Montag, 17. November 2014

Warschau

16.11.2014

In der polnischen Hauptstadt Warschau (Warszawa) wurde ein Fußballspiel besucht. Rund 1,7 Mio. Menschen leben hier.

Das große Denkmal für den Warschauer Ghetto-Aufstand 1943 wurde 1948 enthüllt. Es wurde vom jüdischen, in Warschau geborenen Bildhauer Nathan Rapaport in Zusammenarbeit mit Leon Marek Suzin aus schwedischen Labradoritsteinblöcken, die von NS-Reichsminister Albert Speer zur Errichtung eines Siegesdenkmals bestimmt gewesen waren, gestaltet. Das Denkmal zeigte eine Skulpturengruppe in der Mitte, mit zwei Menorahs davor. Auf der Rückseite stellt ein Relief den Zug von Holocaust-Opfern dar.


Ein erstes Denkmal für den Aufstand im Ghetto wurde bereits 1946 errichtet. Beim deutschen Überfall auf Polen 1939 lebten fast 500.000 Jüdinnen und Juden in Warschau. 1945 hatten davon nur etwa 20.000 überlebt, zumeist von Polinnen und Polen gerettet und versteckt. Mitte 1940 pferchten die deutschen Besatzer die halbe Million Menschen aus der ganzen Stadt in ein abgesperrtes Stadtgebiet. Die Lebensbedingungen waren katastrophal, es fehlte an allem, die Menschen starben massenhaft. Bereits nach zwei Jahren waren Mitte 1942 100.000 Menschen an Mangelerscheinungen ums Leben gekommen. Ab Juli 1941 wurden in nur zwei Monaten 250.000 Menschen aus dem Ghetto in das Vernichtungslager Treblinka deportiert und dort ermordet. Im April 1943 lebten im Ghetto noch 56.000 Menschen. Den Tod vor Augen wehrten sie sich im April und Mai 1943 in einem bewaffneten Aufstand gegen Abtransport und Ermordung. Der Aufstand wurde von deutschen SS-Truppen blutig niedergeschlagen, die mit der feierlichen Sprengung der Großen Synagoge als Schlusspunkt ihren bluttriefenden Triumph feierten. Etwa 7.000 Jüdinnen und Juden starben kämpfend. 300 SS-Soldaten konnten sie töten. Die übrigen überlebenden Menschen im Ghetto wurden von den deutschen Soldaten in Massenhinrichtungen vor Ort erschossen oder nach Treblinka deportiert.

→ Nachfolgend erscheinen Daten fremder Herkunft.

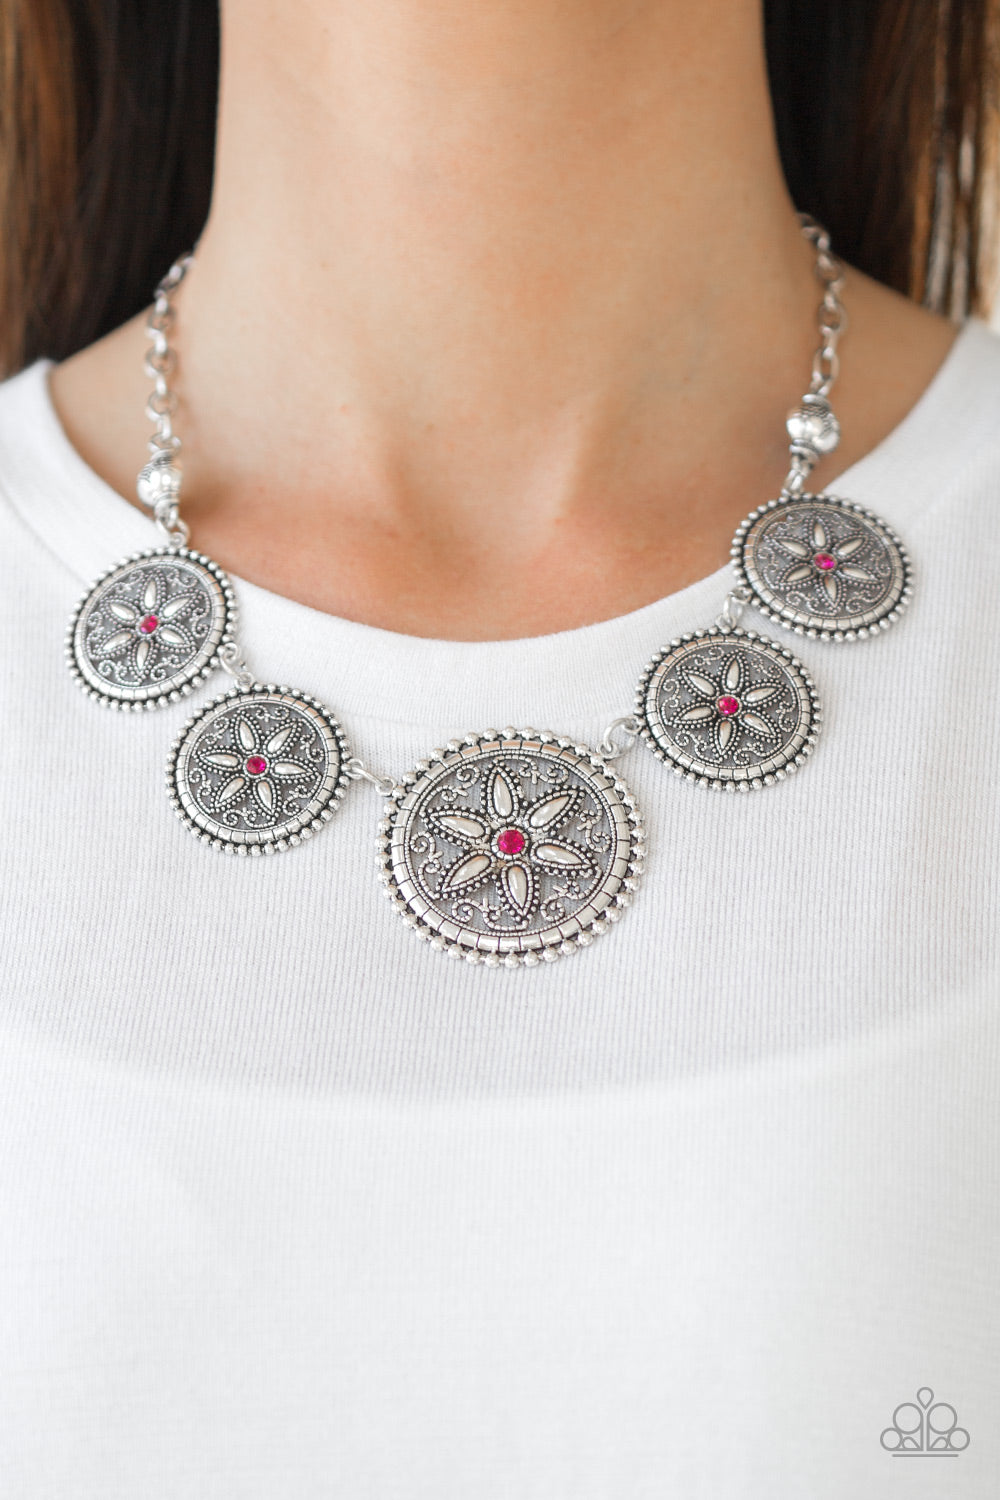 Paparazzi Written In The STAR LILIES - Pink Rhinestone - Sand Dollar - Necklace and matching Earrings - $5 Jewelry With Ashley Swint

Das große Museum der Geschichte der polnischen Juden (Polin) gegenüber wurde erst unlängst im Oktober 2014 eröffnet. Ein Besuch hier war wie auch bei anderen Museen im Zeitbudget nicht drinnen. Man wird wiederkommen.

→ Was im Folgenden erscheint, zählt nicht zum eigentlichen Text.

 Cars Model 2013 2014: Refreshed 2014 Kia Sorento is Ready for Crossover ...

Denkmal für den in Łódź geborenen Jan Karski. Als polnischer Offizier und Kurier der Widerstand leistenden Polnischen Heimatarmee (Armia Krajowa) informierte er zwischen 1942 und 1943 die polnische Exilregierung in London sowie die britische und US-Regierung über den Naziterror in Polen und den Holocaust. Er berichtete als Augenzeuge, da er in einer Uniform der ukrainischen Miliz (NS-Hilfstruppe) in ein KZ (das Vernichtungslager Belzec oder das Sammellager Izbica) und durch einen Tunnel in das Warschauer Ghetto eingeschleust worden war. Er traf von US-Präsident Roosevelt abwärts viele wichtige Entscheidungsträger, doch wurden seine Schilderungen als unglaubwürdige Übertreibungen eingestuft. Typischerweise wird er auf einer Bank auf Einlass wartend dargestellt.


In einer unvergesslichen, berührenden Geste kniete der westdeutsche Bundeskanzler Willy Brandt 1970 beim Besuch des Denkmals an den Aufstand in Ghetto nieder und bat um Vergebung für das viele Morden. Ein eigenes Denkmal am Rand des Parks erinnert an diesen historischen Moment.


Das Denkmal für die Befreiung Warschaus von der deutschen NS-Terrorherrschaft Anfang 1945. Sie ist geschichtspolitisch hier hitzig rezipiert, einerseits da die sowjetische Armee dem Warschauer Aufstand 1944 nicht zu Hilfe kam und erst danach die Stadt besetzte sowie andererseits aufgrund der nachfolgenden jahrzehntelangen kommunistischen Diktatur. So wurde der Park zum Platz der politischen Gefangenen des Stalinismus (Skwer Więźniów Politycznych Stalinizmu) erklärt und 1999 ein Gedenkstein für sie aufgestellt.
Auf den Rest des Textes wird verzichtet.